Patrons & Sporting Patrons
Nicholas Evans (Patron)
Nicholas was born and grew up in Worcestershire. He studied law at Oxford University then worked on the Evening Chronicle in Newcastle-upon-Tyne. In 1975 he moved into television, initially producing current affairs documentaries for Weekend World, before moving to The South Bank Show, where he made films about famous writers, painters and film-makers, including the great British director David Lean who became a friend and mentor and encouraged him to switch from fact to fiction. For the next ten years, he wrote and produced a number of films for television and the cinema. In 1993 he met a blacksmith in the far South-West of England who told him about people who have the gift of healing traumatized horses. Nicholas started work on what was to be his first novel, The Horse Whisperer, which has now sold more than 20 million copies across the world.
Nicholas lives in Devon with his wife, the singer/songwriter Charlotte Gordon Cumming. In 2008 both of them ate poisonous mushrooms which destroyed their kidneys and put them on haemo-dialysis every other day for the following three years. In 2011, he was given a kidney by his daughter, Lauren. Both have recovered well. Lauren is back to working, running and going to the gym. She has 100 per cent kidney function. “She has given me back my life,” says Evans. “What greater gift could one imagine?”
Ian Brannigan (Sporting Patron)
Ian is a Project Manager with a pharmaceutical company and a member of Newcastle Athletic Club famed for running up mountains. Two years after being diagnosed with renal failure, Ian had a kidney transplant in 1998, since when his personal best times include running 400m in 56 seconds, 1500m in 4mins 37secs and 10k in 37mins 26 secs.
Ian, who has a PhD in organic chemistry, has been competing at the British and World Transplant Games since 1999 winning 38 British titles and 15 World titles. He is married to Samana and they have two children. When he is not either training or competing he enjoys cycling and listening to music.
Jacqueline Dowding (Sporting Patron)
Jacqueline received a kidney transplant in 1986 and three years later took part in the Fastnet Race, one of the most gruelling races in ocean sailing. A crew of four transplantees, a doctor and a nurse they came second in their class. Jacquie was diagnosed with hereditary kidney failure by chance when she volunteered as a blood donor; her brother has since had a kidney transplant too.
Jacquie has spent most of her life at sea; sailing is in her bones and has been ever since she first crawled aboard her father’s wooden dinghy on the Essex rivers where she grew up. “Being on top of the waves is magical; a feeling of absolute freedom. I have sailed to so many parts of the world, seen so many wonderful places because of my transplant. Facing the unknown, and not knowing what direction your life is going to take, certainly makes you want to do more and get the most you can out of every day. Having a transplant has made me appreciate just how important organ donation is,” says Jacquie, who works as a Language teacher, sailing instructor and voluntarily as a SEA Safety Advisor with the Royal National Lifeboat Institute.
Orla Smyth (Sporting Patron)
Orla is a solicitor and marathon runner. Three years after her 2007 kidney transplant she wanted to raise awareness of “the immeasurable difference a transplant makes” and with her husband ran the Belfast City Marathon as a relay and has since she completed it herself.

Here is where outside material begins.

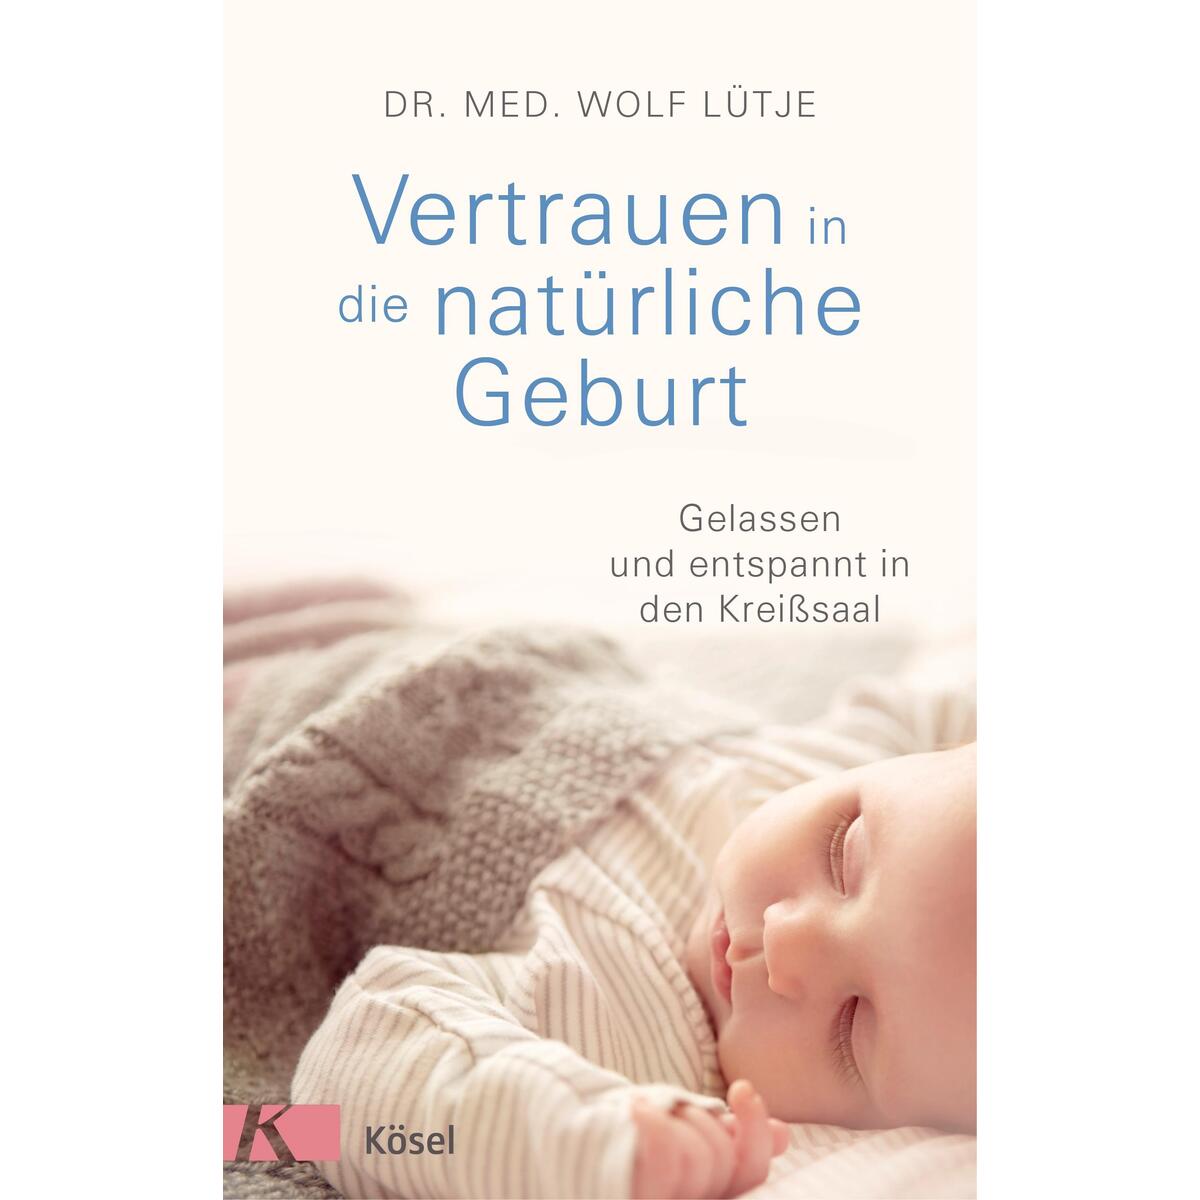 Vertrauen in die natürliche Geburt von Kösel-Verlag

Orla was diagnosed with a degenerative kidney disease when she was eleven. She continued to live as normal a life as possible for another ten years but at 21 she had to give up football and other sports in order to have enough energy to continue to work. Orla’s first kidney transplant failed and she had to start dialysis, putting herself onto her machine every evening, even on her honeymoon. Orla looks back on this time as being really hard but fortunately after three years underwent a successful transplant in 2007. Six months later Orla ran a mile to the shop. She continues to train and compete with City of Lisburn Athletics Club, raises funds for Northern Ireland Transplant Sport. Orla has won many medals in the World Transplant Games however as she says the real success story is that each of the thousand or so athletes, selected from their home teams of thousands more, can compete and represent their country because they each have received a transplant.